Problem details:
Apart from the images, reproduce all of the data word for word.

Data extract:
━━━━

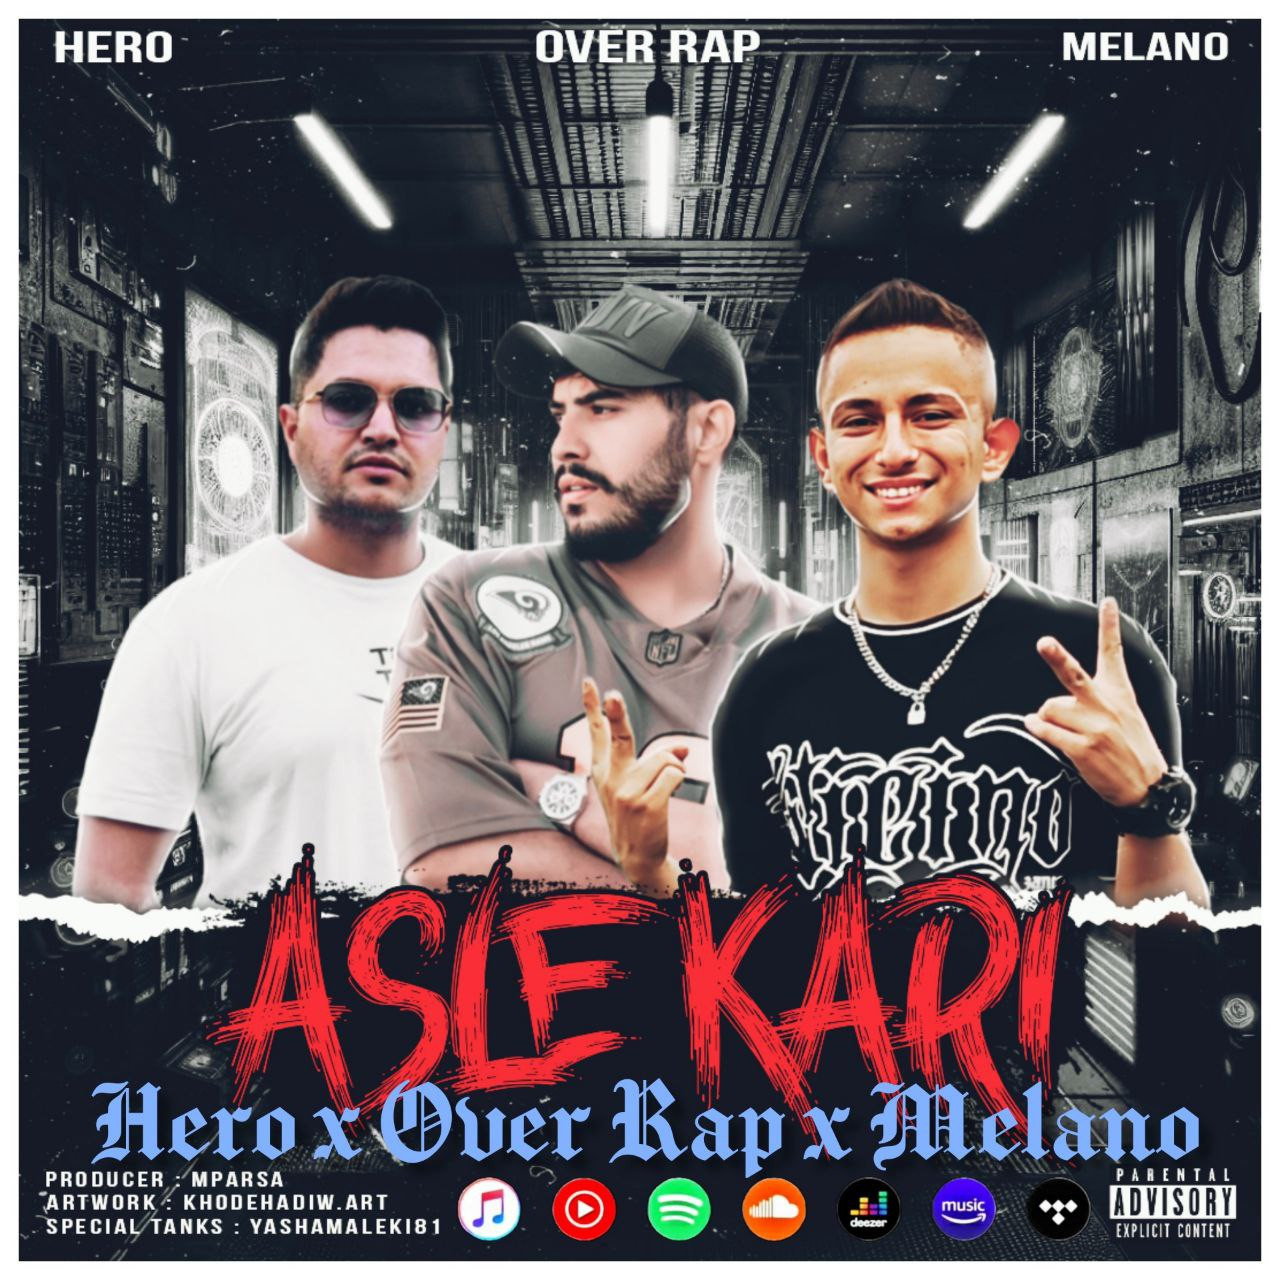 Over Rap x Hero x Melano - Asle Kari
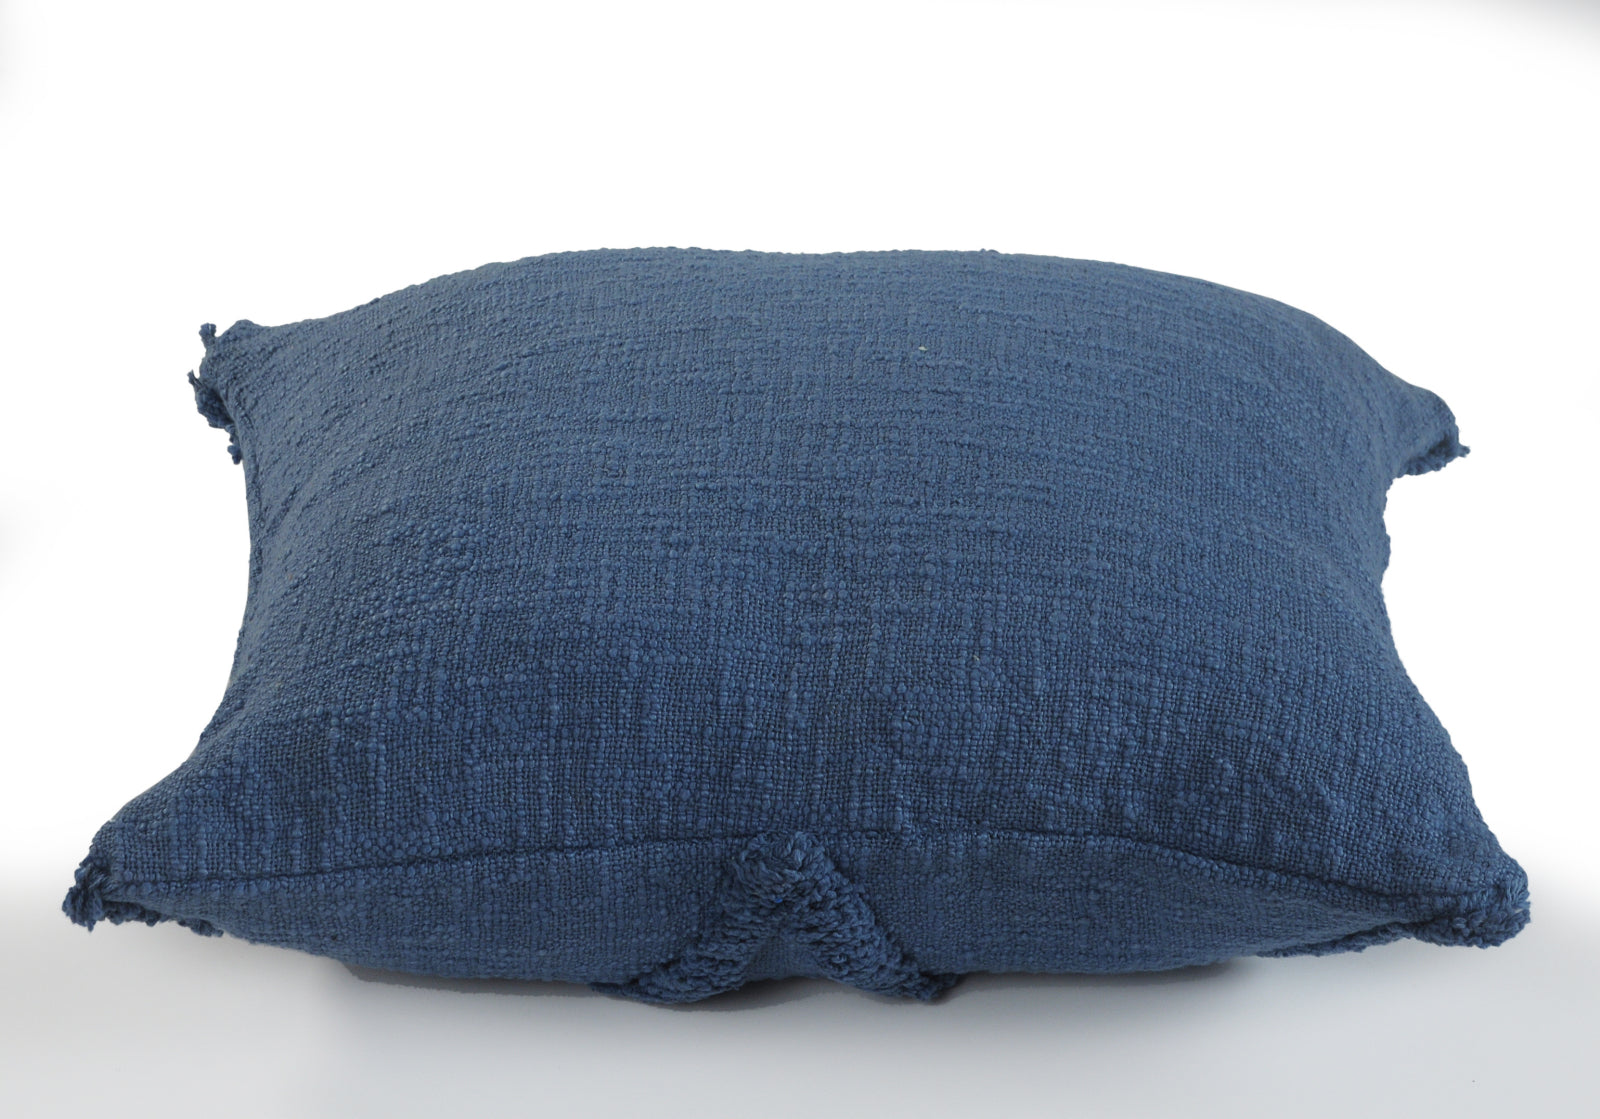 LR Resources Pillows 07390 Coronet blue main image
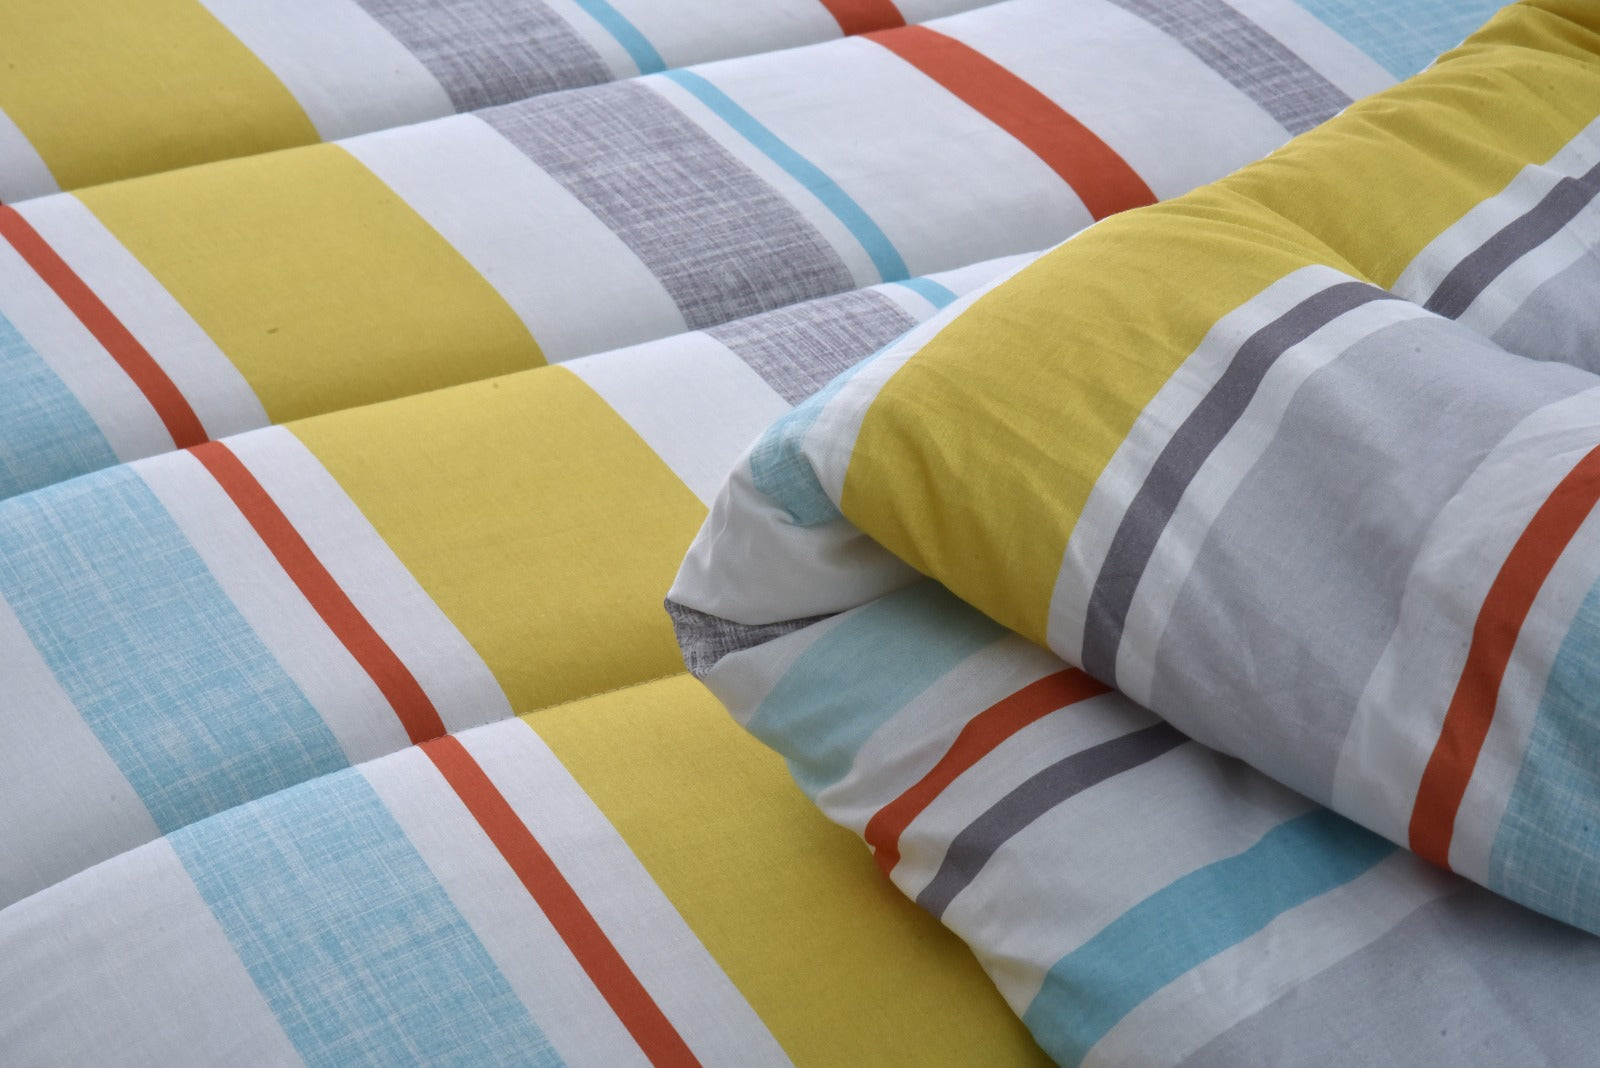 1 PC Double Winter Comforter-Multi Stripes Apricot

━━━━

Result of this exercise:
 Over Rap x Hero x Melano - Asle Kari
 LR Resources Pillows 07390 Coronet blue main image
 1 PC Double Winter Comforter-Multi Stripes Apricot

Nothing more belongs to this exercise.